## What is required
Would you retype the listing word for word, skipping its pictures?

## Data below
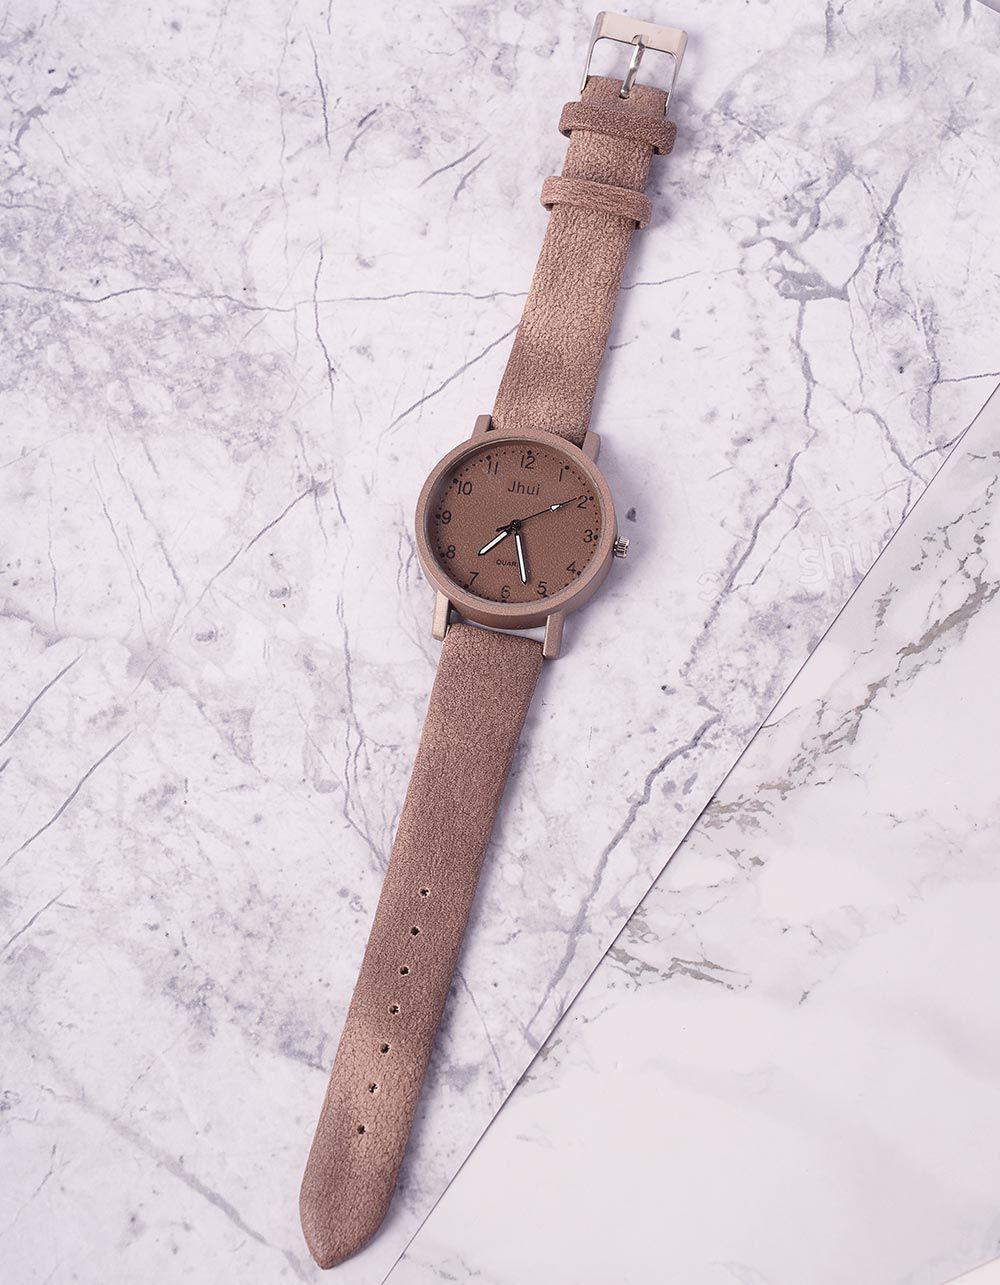 Годинник на руку з круглим циферблатом | 237305-39-XX
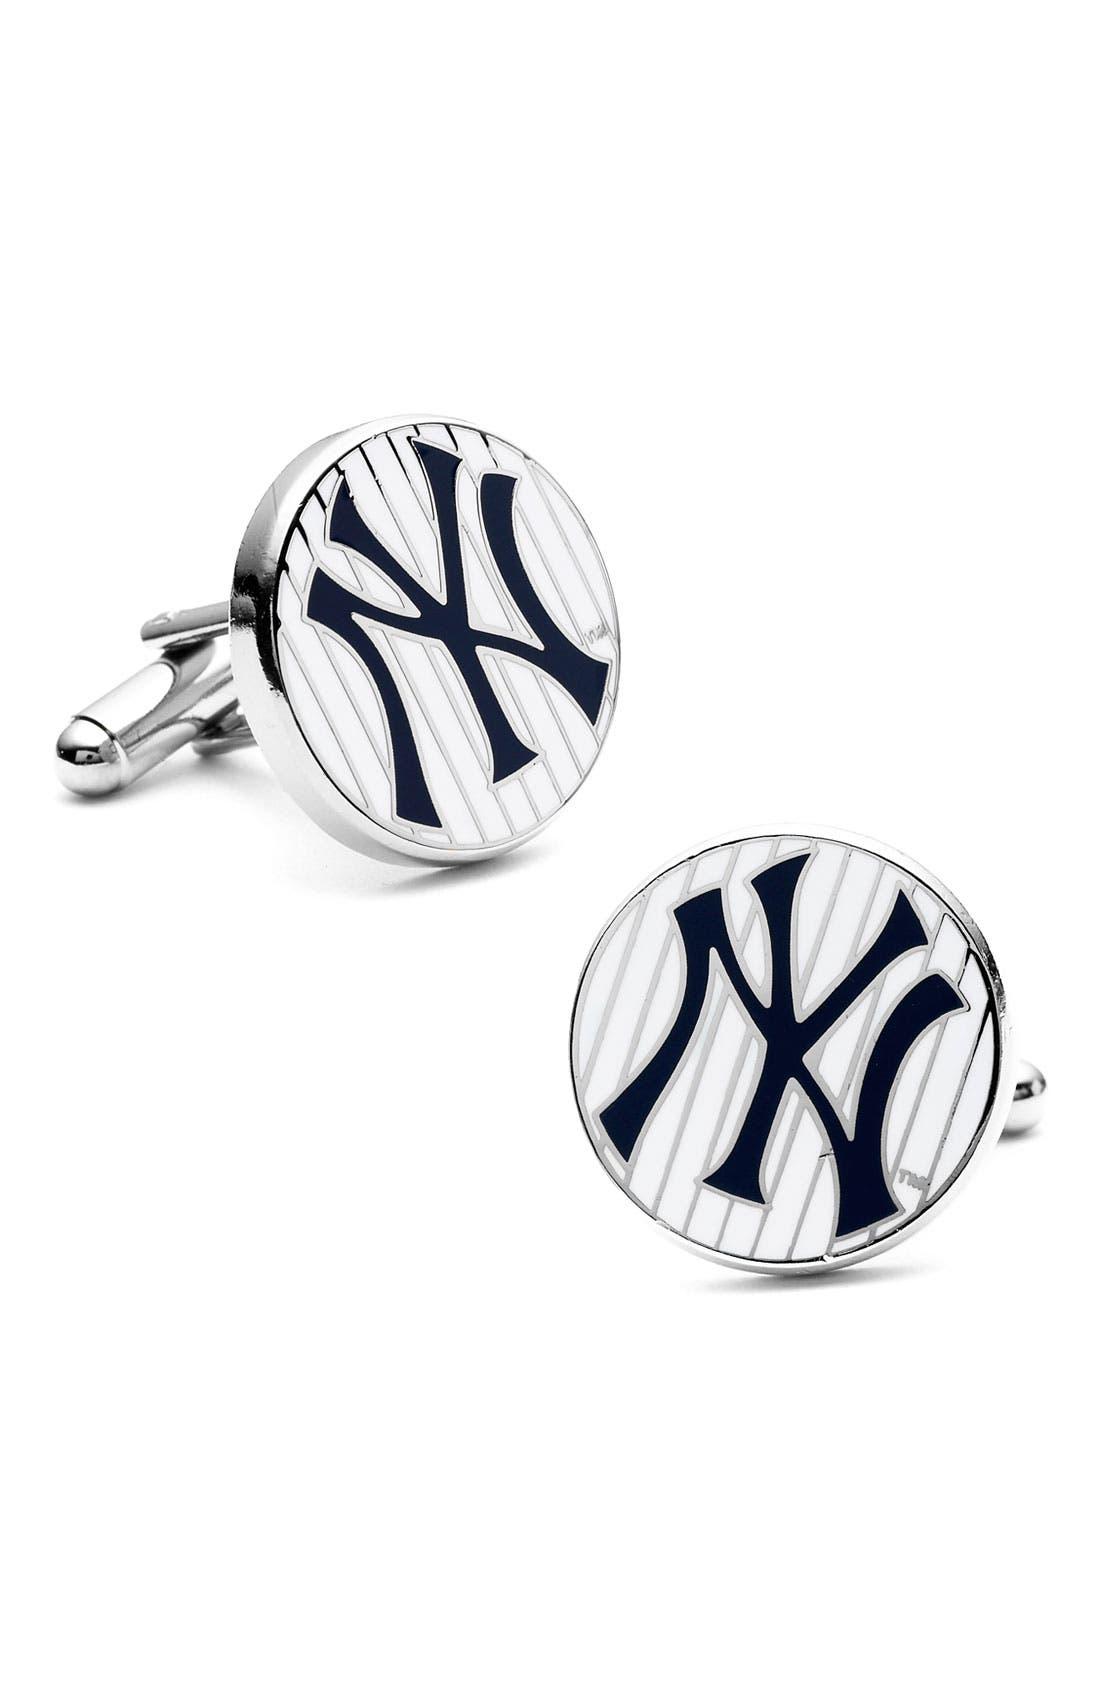 CUFFLINKS, INC. 'New York Yankees' Cuff Links, Main, color, WHITE/ BLUE
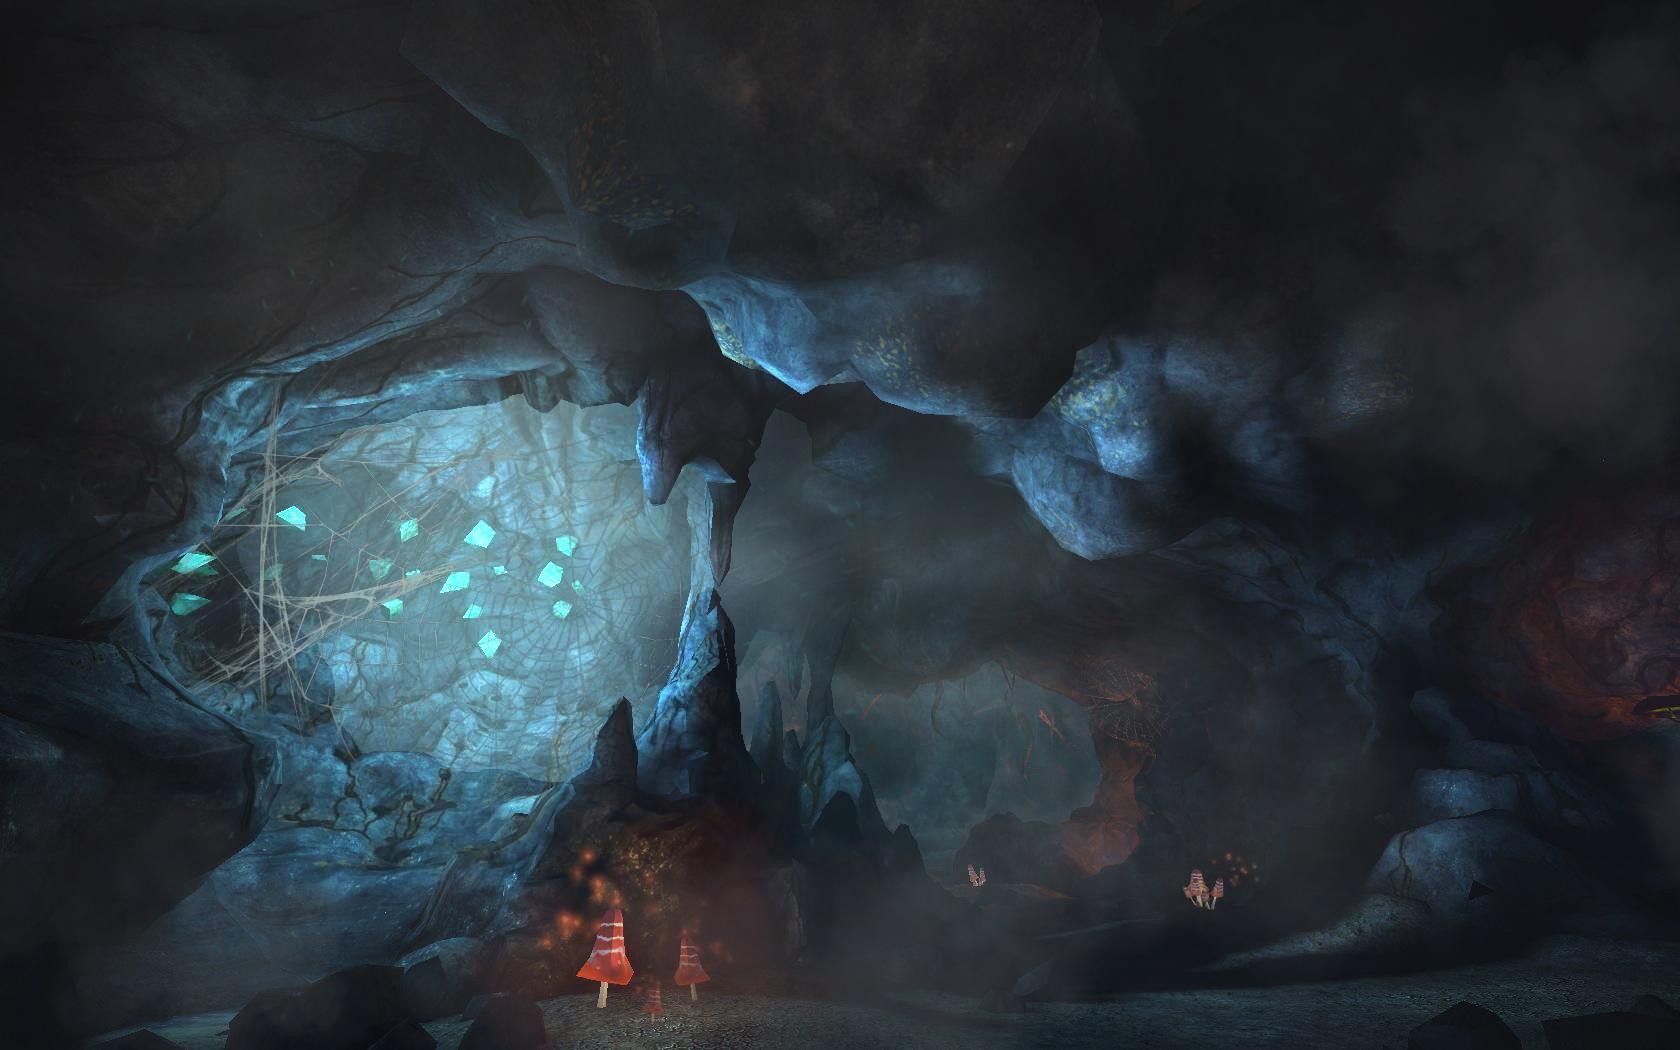 pre_1547149825__mmxl_spider-cavern.jpg

## Response
 Годинник на руку з круглим циферблатом | 237305-39-XX
 CUFFLINKS, INC. 'New York Yankees' Cuff Links, Main, color, WHITE/ BLUE
 pre_1547149825__mmxl_spider-cavern.jpg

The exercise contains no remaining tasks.